I have a 20Tb dataset containing fluorescence images of cells circulating in the blood of cancer patients. I would like to use StarDist to segment the whole cells from immunofluorescence images of DAPI (nucleus), CD45–APC, and epithelial cytokeratin-PE. The segmentation will be used as an input to a DL network for classification.
Stardist works amazing when I train and test it on culture cell images (thank you to the stardist team for making it so available!). However, in patient samples, stardist tends to segment the nucleus, see the image below for some CK+ cells. The vast majority of cells in patient samples is a nucleus (possibly with a thin shell of CD45-APC), and <1% of cells is a nucleus with cytokeratin-PE. So I think the data doesn’t contain enough examples of PE+ cells and training focuses on segmenting the CD45+DAPI+ or just DAPI+ white blood cells.

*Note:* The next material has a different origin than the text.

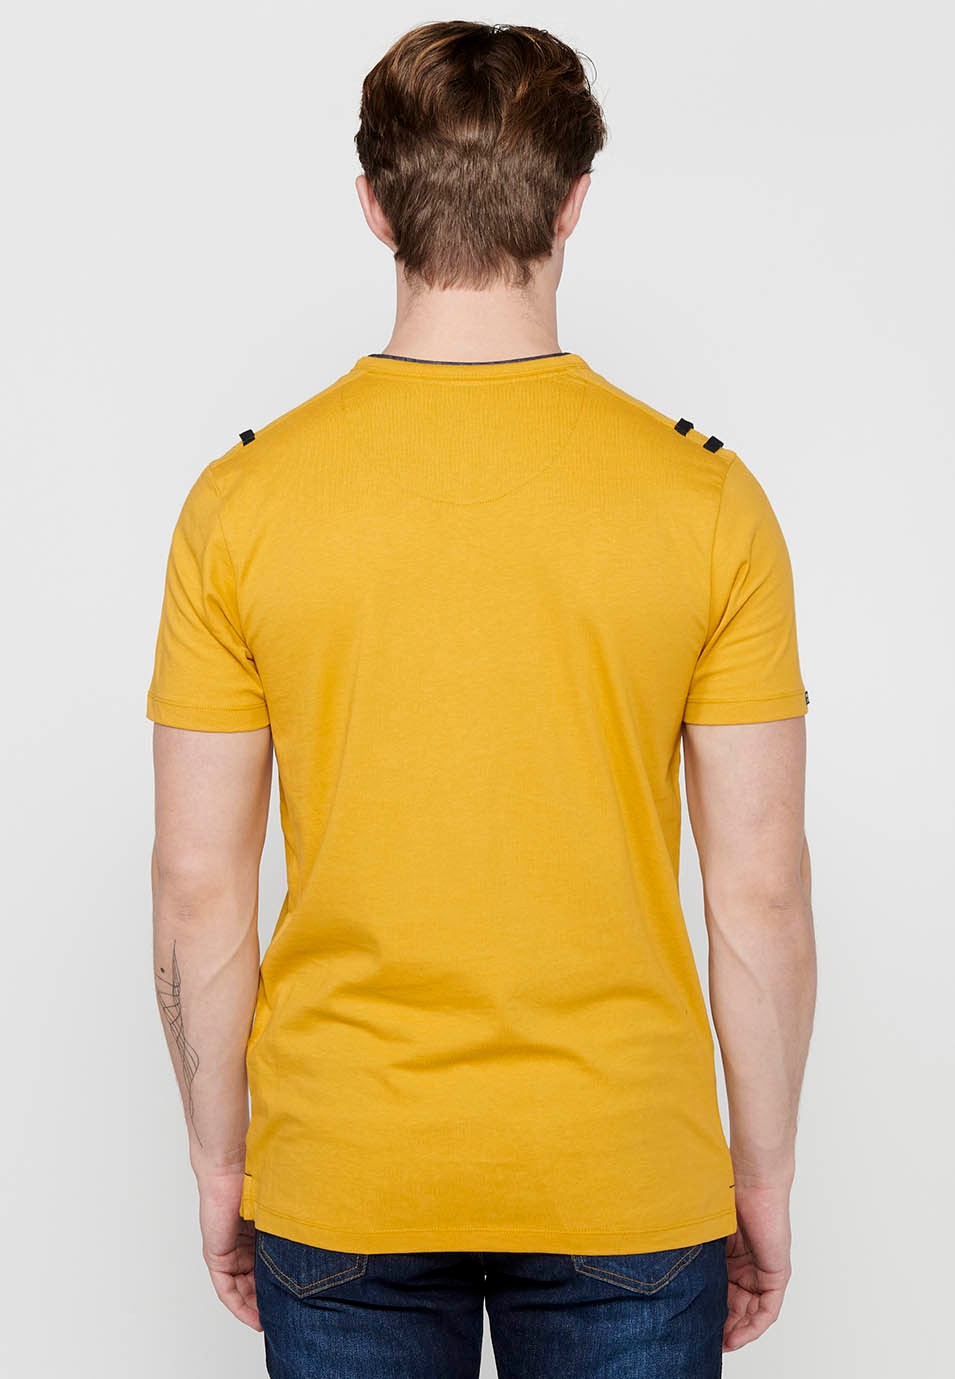 Men's Yellow Short Sleeve Round Neck Cotton T-Shirt with Buttoned Opening 7

- Is it possible to overweight the PE+ events during training to compensate for this imbalance? For example, would it make sense to add a mask to indicate the weight of each event so the loss can be weighted for different classes?

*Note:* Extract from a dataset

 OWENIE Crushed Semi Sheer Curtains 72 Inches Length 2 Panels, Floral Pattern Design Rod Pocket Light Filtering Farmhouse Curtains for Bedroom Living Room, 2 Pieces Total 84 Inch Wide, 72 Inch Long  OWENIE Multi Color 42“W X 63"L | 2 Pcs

- I could train on smaller cutouts of the images containing PE+ cells (and the nearby white blood cells). The larger the cutout, the more PE- cells I include, so how large does the cutout need to be? The train_patch_size is (256, 256), does this mean 256x256 is the minimum?
- I could add images of epithelial culture cells to the dataset. They are PE+, DAPI+ so I would get more training data in the direction I need to improve, but culture cells tend to be much brighter in PE and DAPI and larger than patient tumour cells. Would that help?
The data is acquired using an FDA IVD-cleared system, and the dataset contains images from 1000’s of patients so I can’ t acquire new data (e.g. with an additional stain). After segmentation, I plan to use a DL-classification network that will take the segmented event plus a margin around the event, so some over/under segmentation is not a big problem.
The stardist configuration is pretty close to default: grid = (2, 2); n_dim = 2; n_rays = 32; n_channel_in = 3; net_conv_after_unet = 128; train_background_reg = 0.0001; train_batch_size = 4; train_learning_rate = 0.0003; train_patch_size = (256, 256)
My training set contains 57 images of ~1250x1000 pixels with ~ 6000 events, ~100 are circulating tumor cells (CK-PE+DAPI+), the rest is CD45-APC+DAPI+ or DAPI+, both probably white blood cells.